GBST

What is Gradient-Based Subword Tokenization?

Gradient-Based Subword Tokenization (GBST) is a method of automatically learning latent subword representations from characters. It is a soft gradient-based subword tokenization module that uses a block scoring network to score candidate subword blocks. GBST is a data-driven approach that enumerates subword blocks and learns to score them position-wise.

The scoring network scores each candidate subword block and learns a position-wise soft selection over the subword blocks. GBST is different from prior tokenization-free methods because it learns interpretable latent subwords. These subwords enable easy inspection of lexical representations and are more efficient than other byte-based models.

The Benefits of GBST

The main benefits of using GBST are efficiency and interpretability. GBST can generate a smaller set of subwords for each numerical document or text batch compared to traditional methods. It is also more efficient in terms of speed and memory usage. GBST can learn latent subwords that can be directly interpreted and easily inspected. These subwords can help in identifying the most common prefixes, root words and suffixes in texts, thereby enabling the identification of linguistic patterns efficiently.

How GBST Works

The GBST module works in a step-wise manner, with the following steps:

Preprocessing - this step involves preprocessing the text to convert it into numerical format so that machine learning techniques can process it. GBST accepts a list of documents or sentences, converts them into word embeddings and tokenizes them into latent subwords.
Candidate Subwords Enumeration - in this step, GBST enumerates all the candidate subword blocks in the text. This involves dividing the text into smaller subword segments or blocks.
Scoring Network - the scoring network is used to score each candidate subword block. The scoring network assigns a score to each subword block based on its frequency and relevance within the text.
Soft Selection - in this step, GBST applies a position-wise soft selection to the candidate subword blocks. This is achieved by calculating a weighted average of subword block scores, which gives preference to high-scoring subword blocks.
Training - GBST is trained on a large corpus of text. The training process involves adjusting the weights of the scoring network to maximize the accuracy of the subword selection process.
Inference - once the GBST model has been trained, it can be used for inference on new text data. During inference, GBST applies the above steps to new documents or sentences to tokenize them into subwords.

Applications of GBST

GBST has several applications in natural language processing (NLP).

Text Classification

GBST can be used for text classification tasks such as sentiment analysis or topic classification. By tokenizing text into subwords, GBST can identify the most common forms of prefixes, root words, and suffixes within each category of text data. This enables the identification of important linguistic patterns, which can provide insight into the nature of the text data.

Word Embeddings

GBST can be used to generate word embeddings for words in a text corpus. Word embeddings are dense vector representations of words that capture semantic meaning. GBST can generate word embeddings for subword tokens, which enables the generation of word embeddings for words not present in the text corpus.

Translation

GBST can be used for machine translation tasks. By tokenizing text into subwords, GBST can enable the identification of common subword symbols that are frequently found in a given language. This can assist in the translation process, by enabling the identification of subword symbols in sentences that have no direct translation.

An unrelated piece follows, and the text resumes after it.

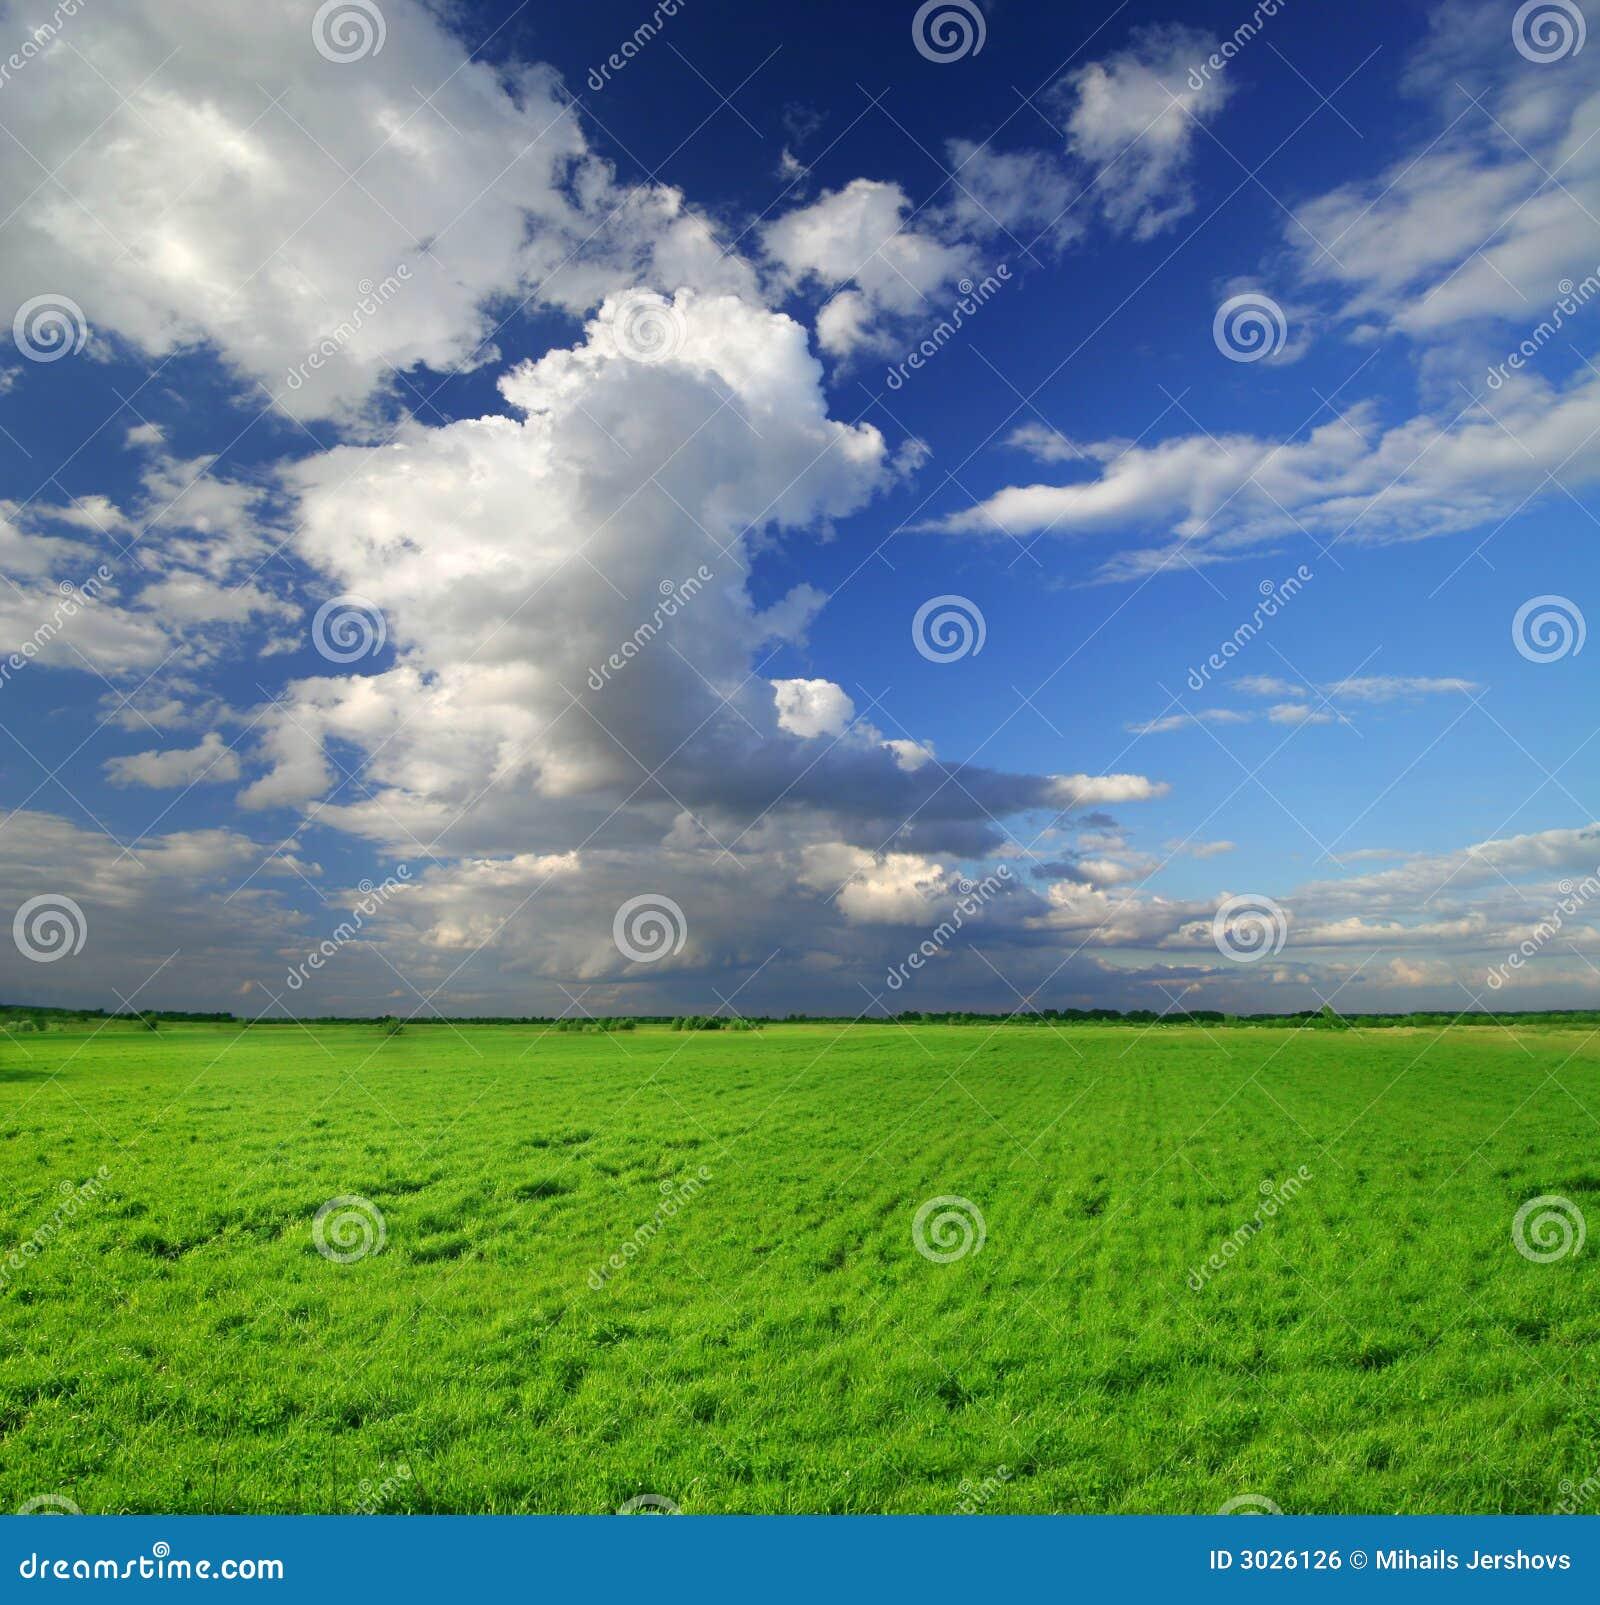 Beautiful Garden Scene Sunny Day Stock Image - Image of ...  |Sunny Beautiful Day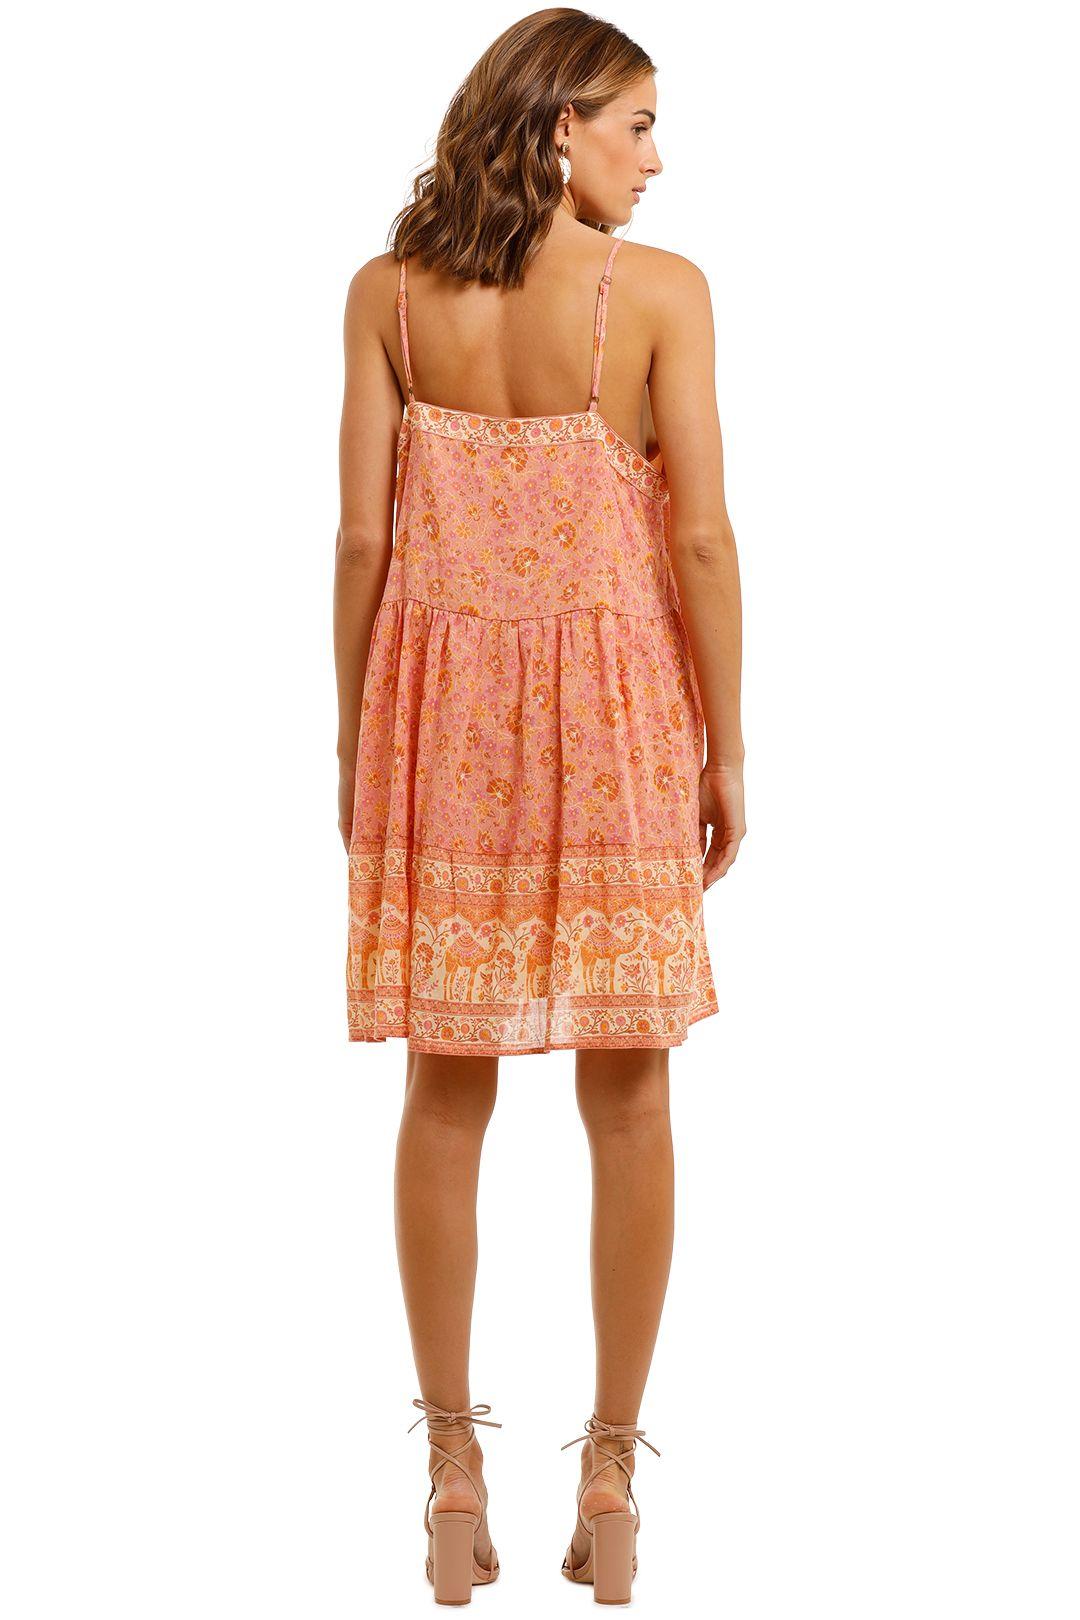 Spell Sundown Strappy Mini Dress Apricot Boho

Gradient-Based Subword Tokenization is an efficient and interpretable approach to subword tokenization. It is a data-driven approach that enumerates candidate subword blocks and scores them using a scoring network. GBST can learn latent subwords that enable easy inspection of lexical representations and are more efficient than other byte-based models. GBST has several applications in NLP, including text classification, word embeddings, and translation tasks.